*PROBLEM STATEMENT:* The data is to be repeated exactly, with the images removed.

*DATA EXCERPT:*
________________________
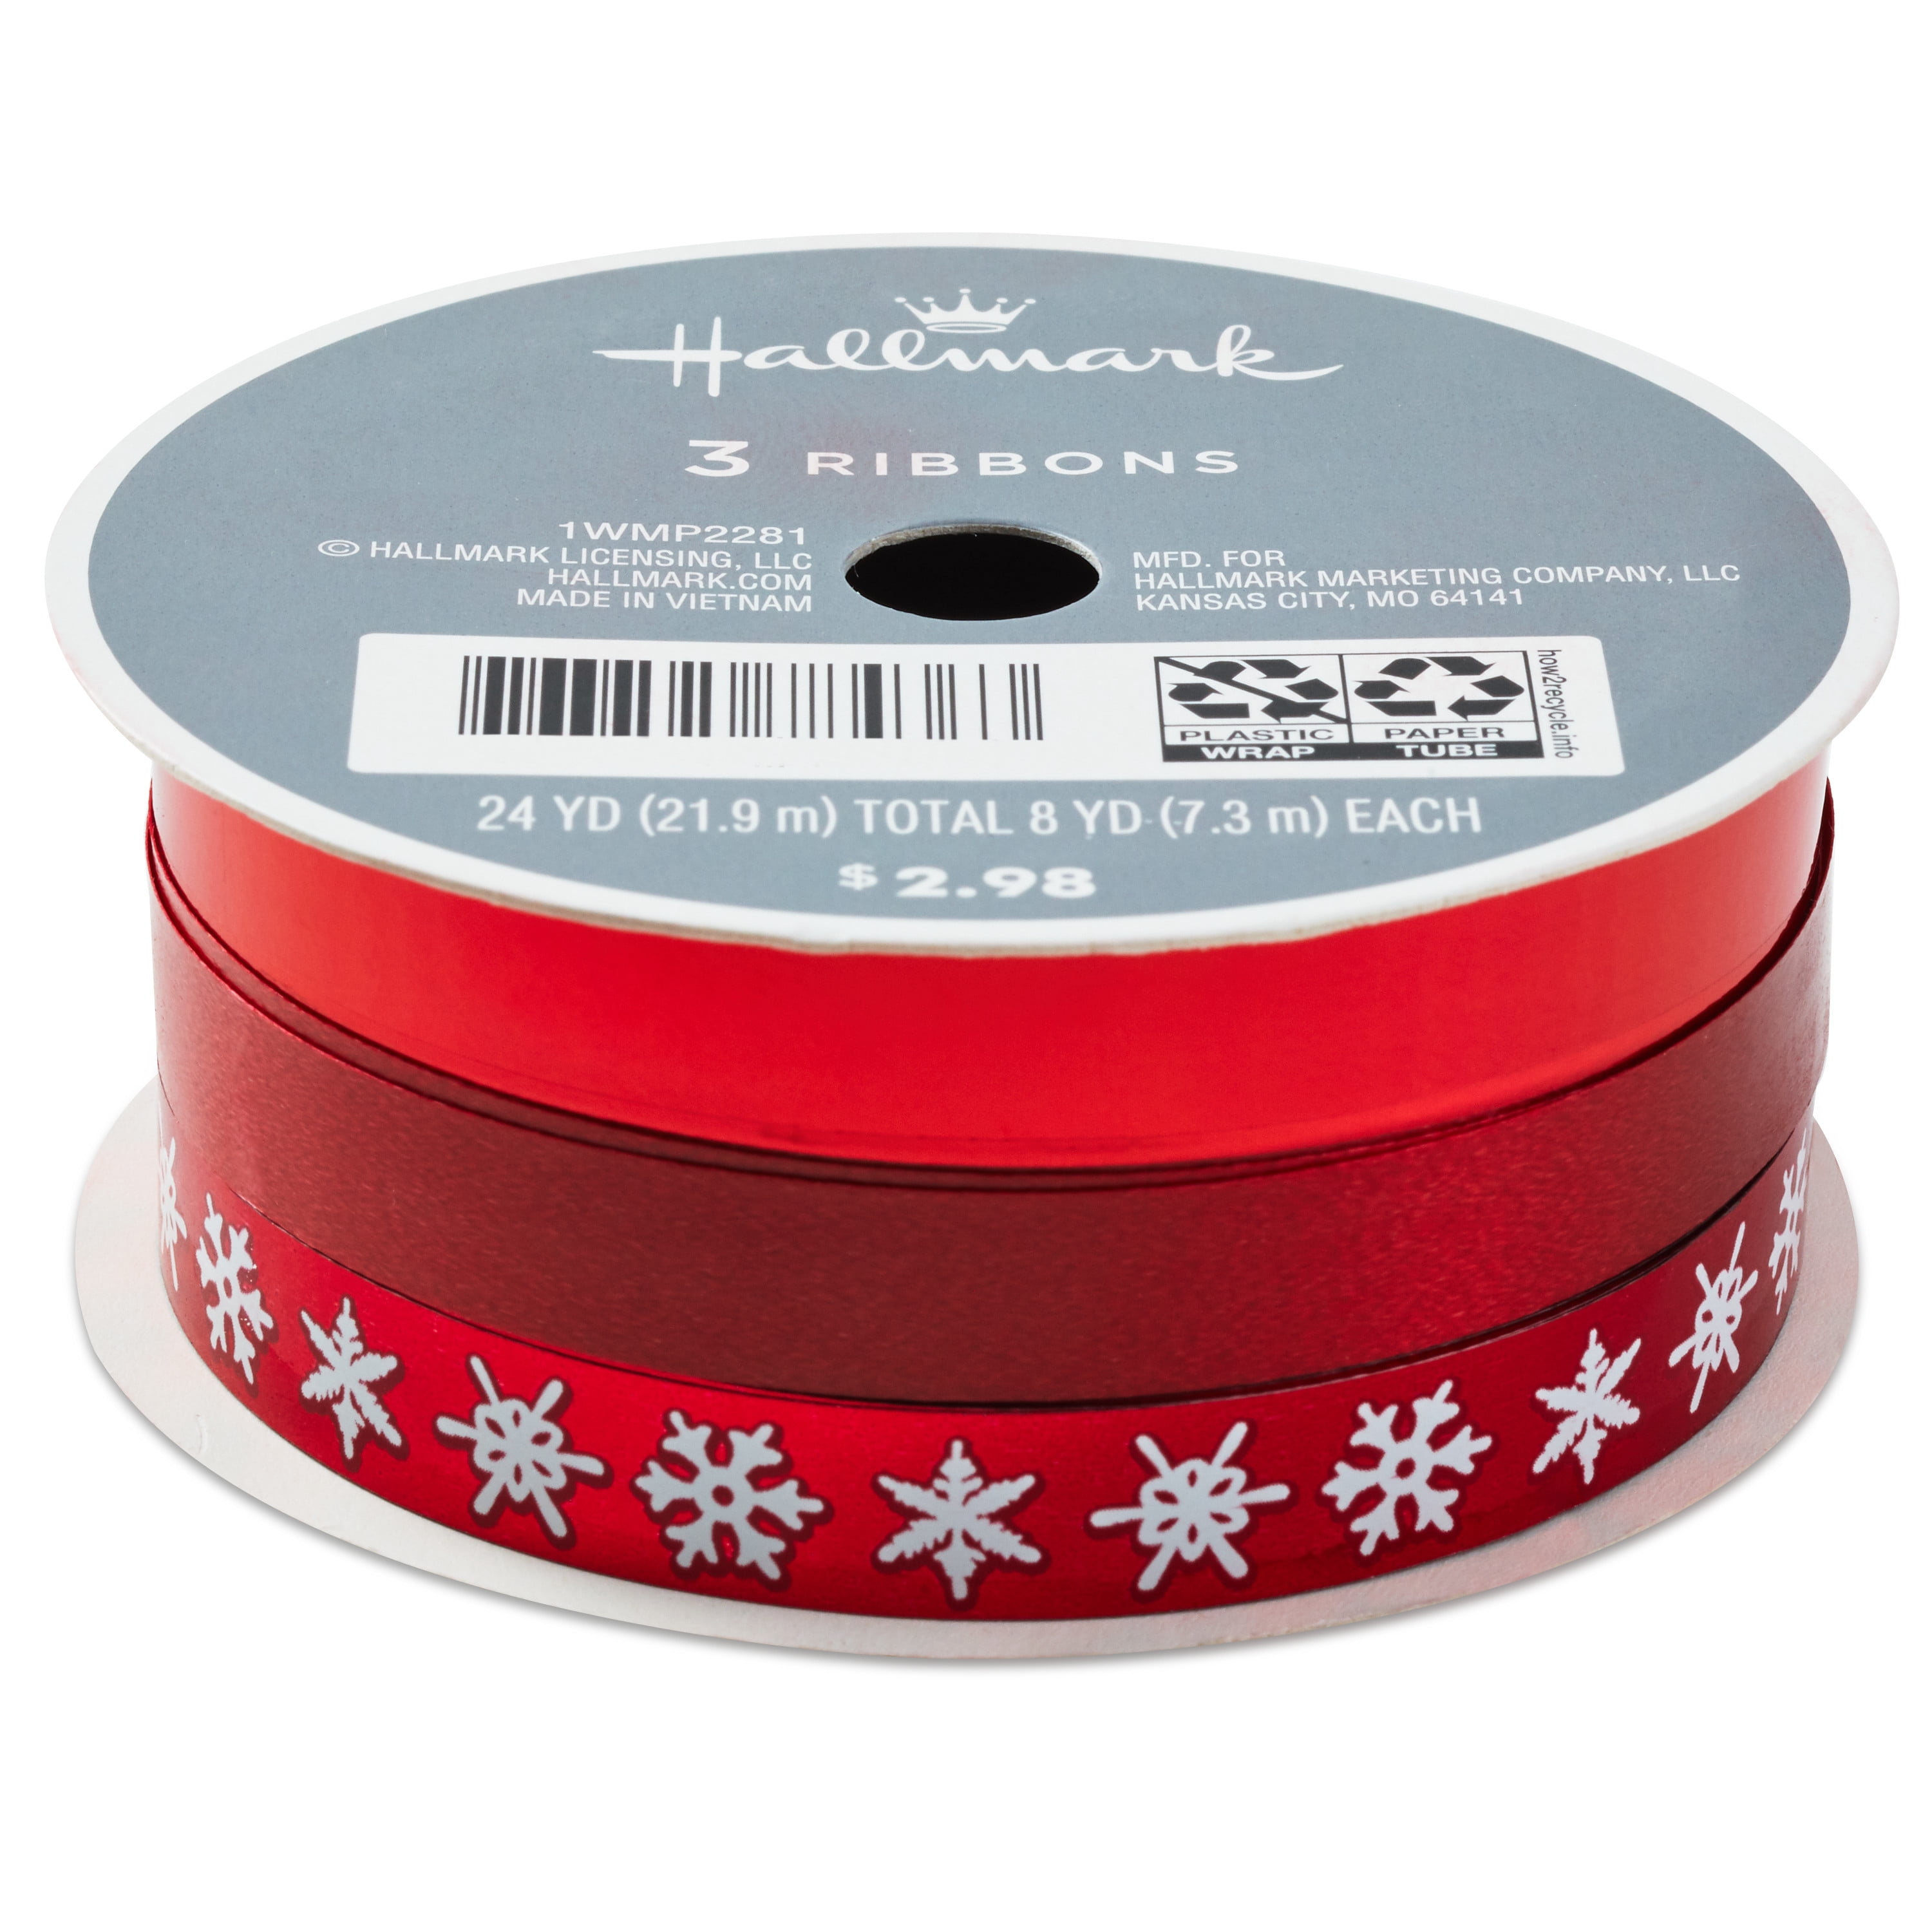 Hallmark 3-Pack Christmas Curling Ribbon (Assorted Red Designs)
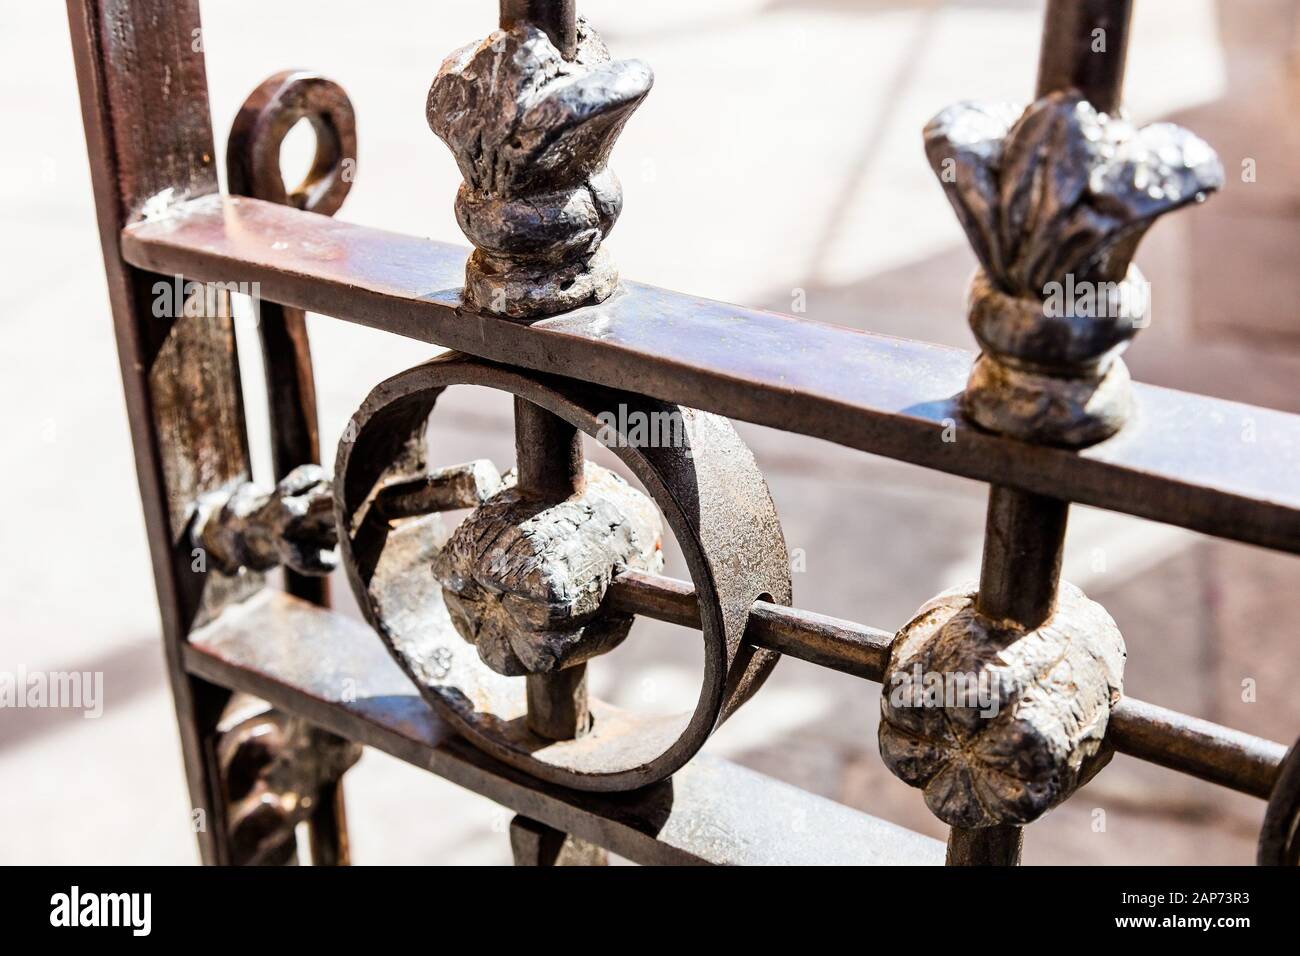 Metal fence with ornamental design Stock Photo
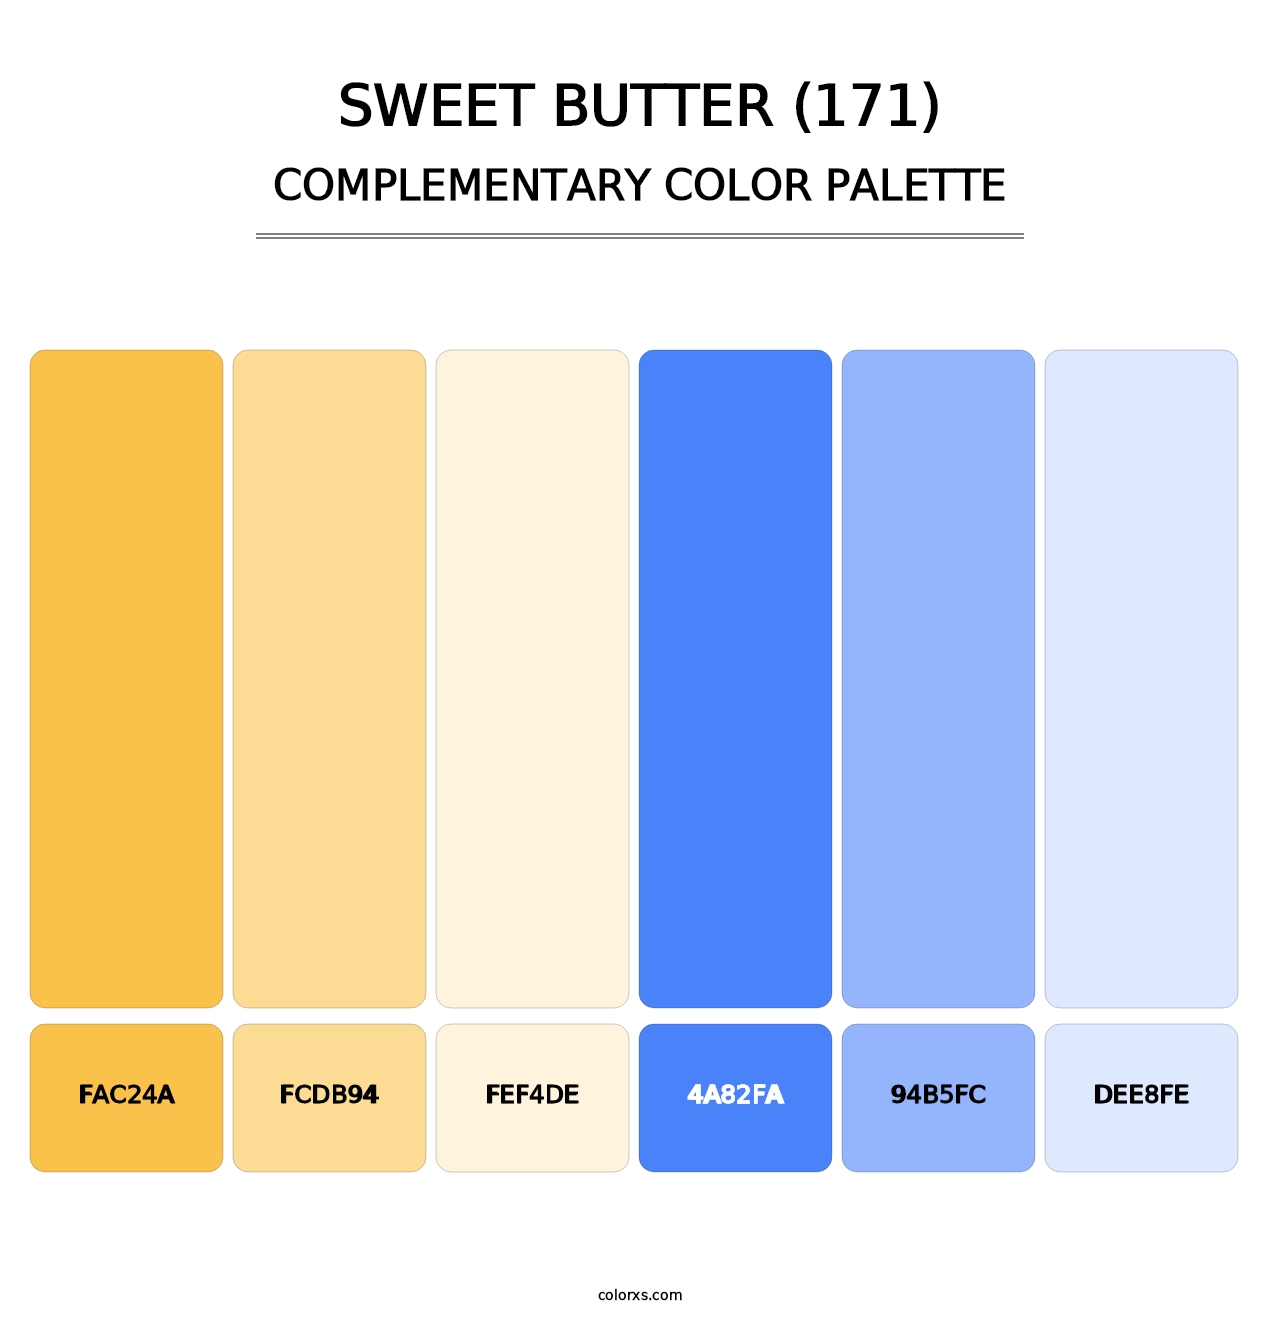 Sweet Butter (171) - Complementary Color Palette
________________________
*OUTPUT FOR THIS EXERCISE:*
 Hallmark 3-Pack Christmas Curling Ribbon (Assorted Red Designs)
 Metal fence with ornamental design Stock Photo
 Sweet Butter (171) - Complementary Color Palette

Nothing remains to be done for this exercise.